Gold beads and amulets unearthed in Aegina Middle Bronze Age cache
Eight disc pendants, seven biconical beads and gold leaf emerged from Aegina, echoing the prehistoric pendants of the Aegina Treasure.

Aegina’s latest gold find looks instantly legible to a modern eye: eight two-sided disc pendants, a single gold disc, seven biconical beads and sheets of gold leaf, all small enough to read like the blueprint for a necklace that still feels current. The 32-item cache surfaced at Kolona, on the island’s northwestern side near the modern harbor and town, inside the ruins of a large stone-built structure close to a wall that once guarded the settlement’s inner zone.
The Greek Ministry of Culture announced the discovery after the 2025 excavation season, and the date range places the pieces in the first half of the second millennium BCE. Archaeologists think the objects may have formed a necklace or pendant assemblage, a composition that would have moved with the body rather than sitting static in a tomb or hoard. That matters because the design language is familiar: circular pendants still anchor charm necklaces today, while biconical beads survive in everything from gold bead strands to carefully spaced layering pieces. The seven round carnelian beads add the same contrast contemporary jewelers still use when they want warmth against yellow gold.
The excavation is being led by the University of Salzburg, working through the Austrian Archaeological Institute in Athens, under Professor Alexander Sokolicek and supervision from the Ephorate of Antiquities of Piraeus and the Islands.
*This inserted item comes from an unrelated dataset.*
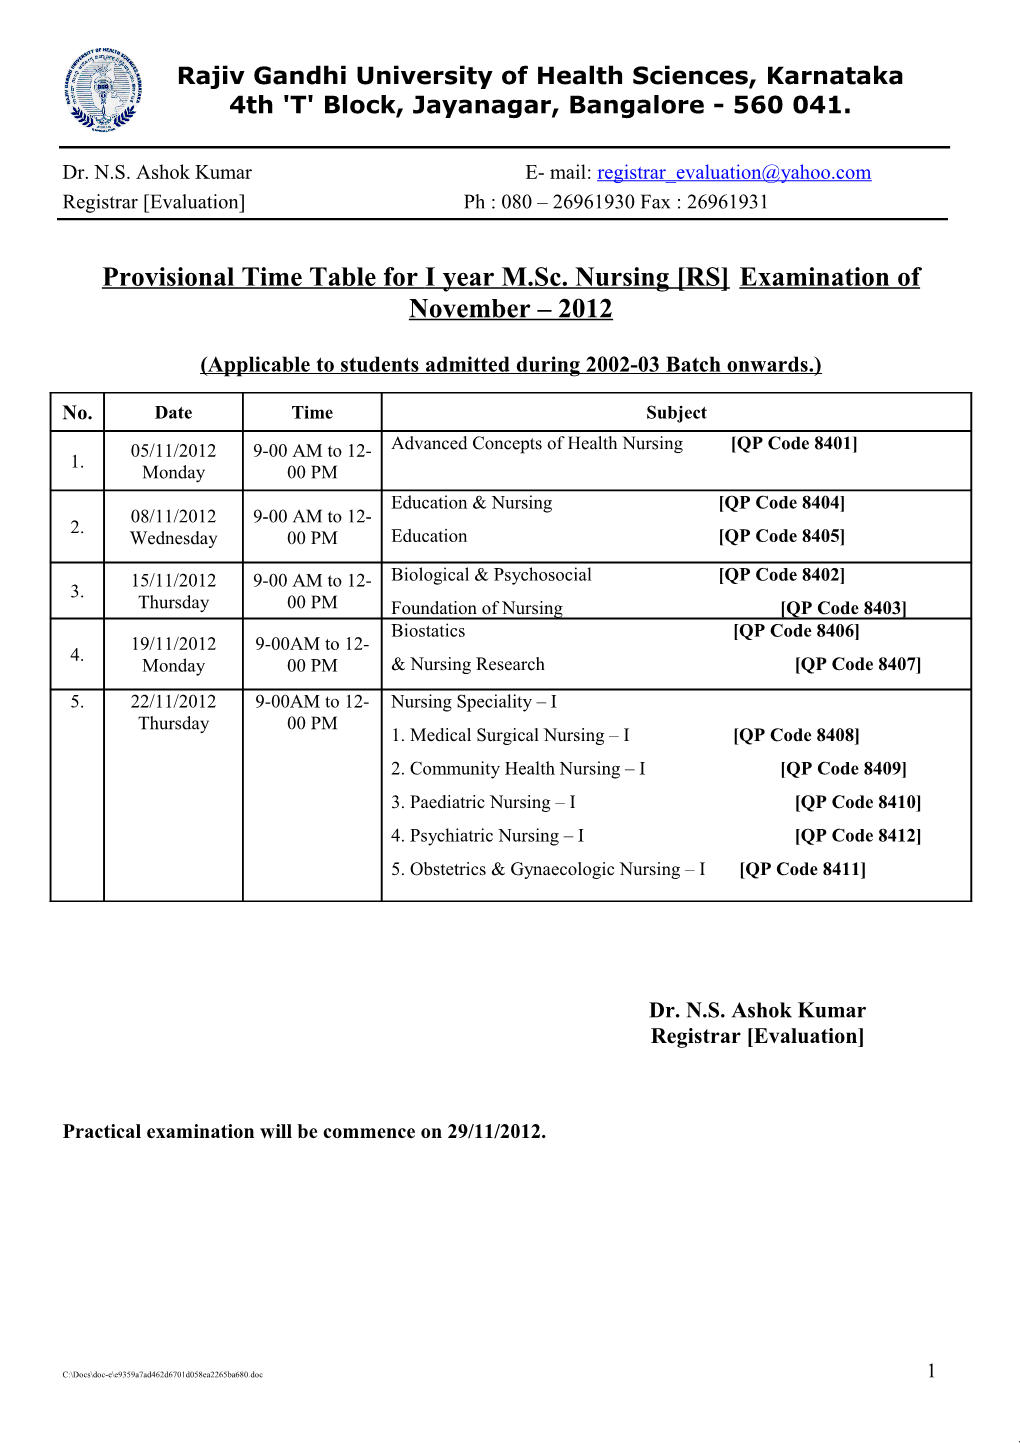 Provisional Time Table for I Year M.Sc. Nursing RS Examination of November 2012
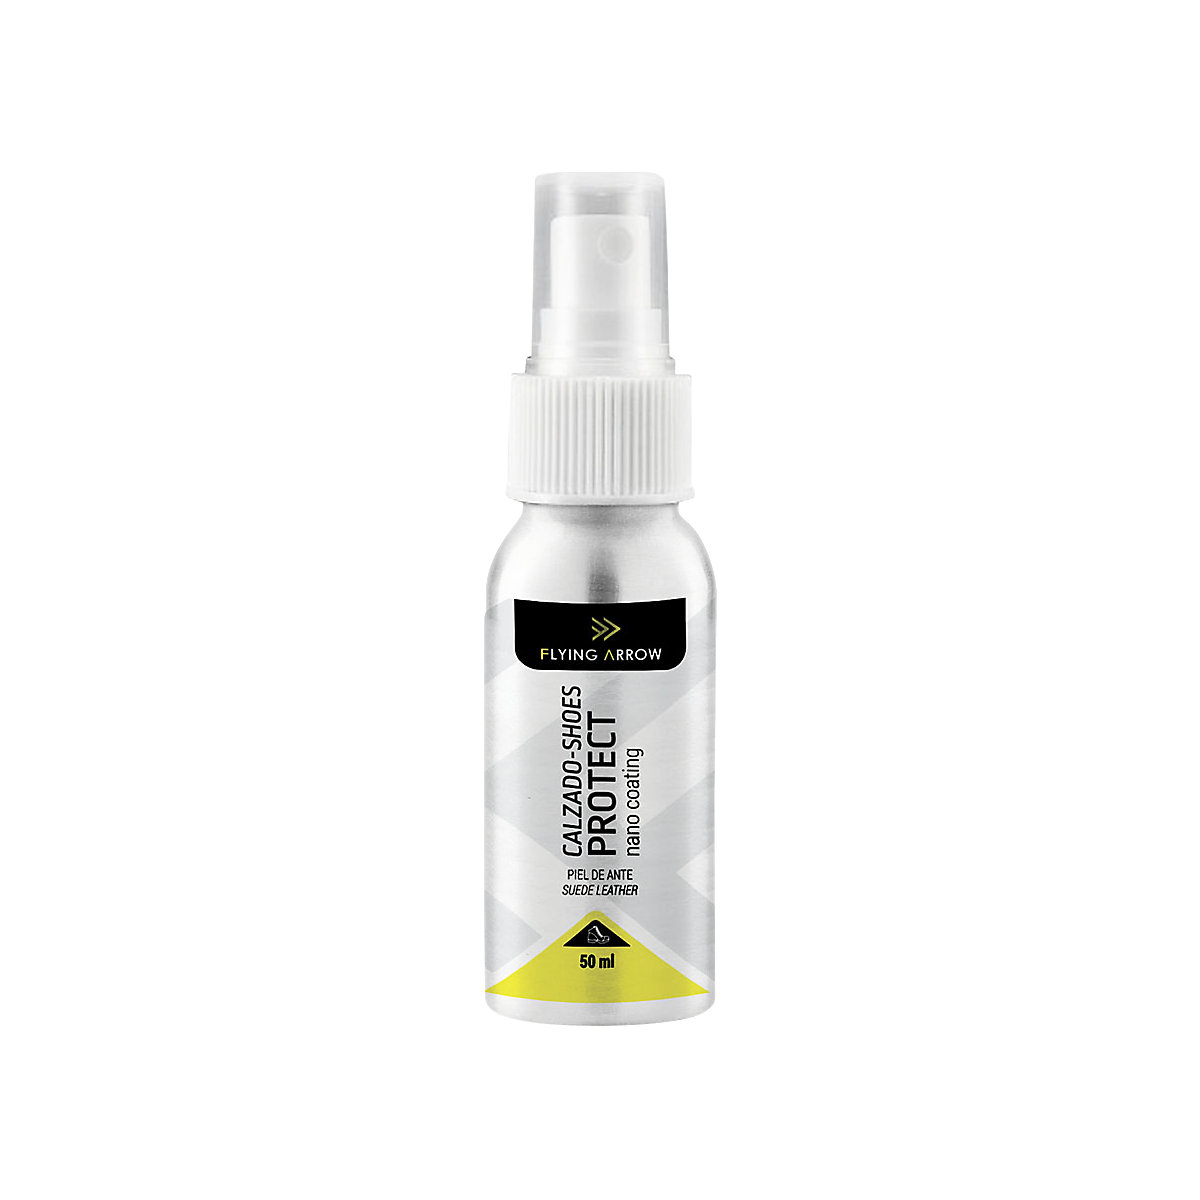 FLYING ARROW PROTECTOR shoe protection spray - DUNLOP

The pieces were found exceptionally well preserved, and their condition raises the stakes of the find. Gold leaf sheets suggest a taste for surface shimmer and lightness, a technique that still appears in today’s fine jewelry as textured foil-like detailing, layered finishes, and delicate appliqué rather than heavy mass. The pendants themselves, especially the two-sided discs, read like early medallions, an ancestor to the coin charms and talismanic drops that remain a fixture of gold jewelry counters.

Kolona’s long occupation gives the cache even more weight. The hill has been a prehistoric settlement, later a sanctuary, an acropolis, and a Byzantine settlement, which means this is not an isolated pocket of wealth but part of a place repeatedly remade over centuries. The pendants have also been compared with pieces from the so-called Aegina Treasure, a prehistoric jewelry collection now in the British Museum since 1892. That comparison gives the new discovery a sharper edge: the island’s gold tradition was never just decorative, but a language of status, identity, and trade that still speaks through the same forms today.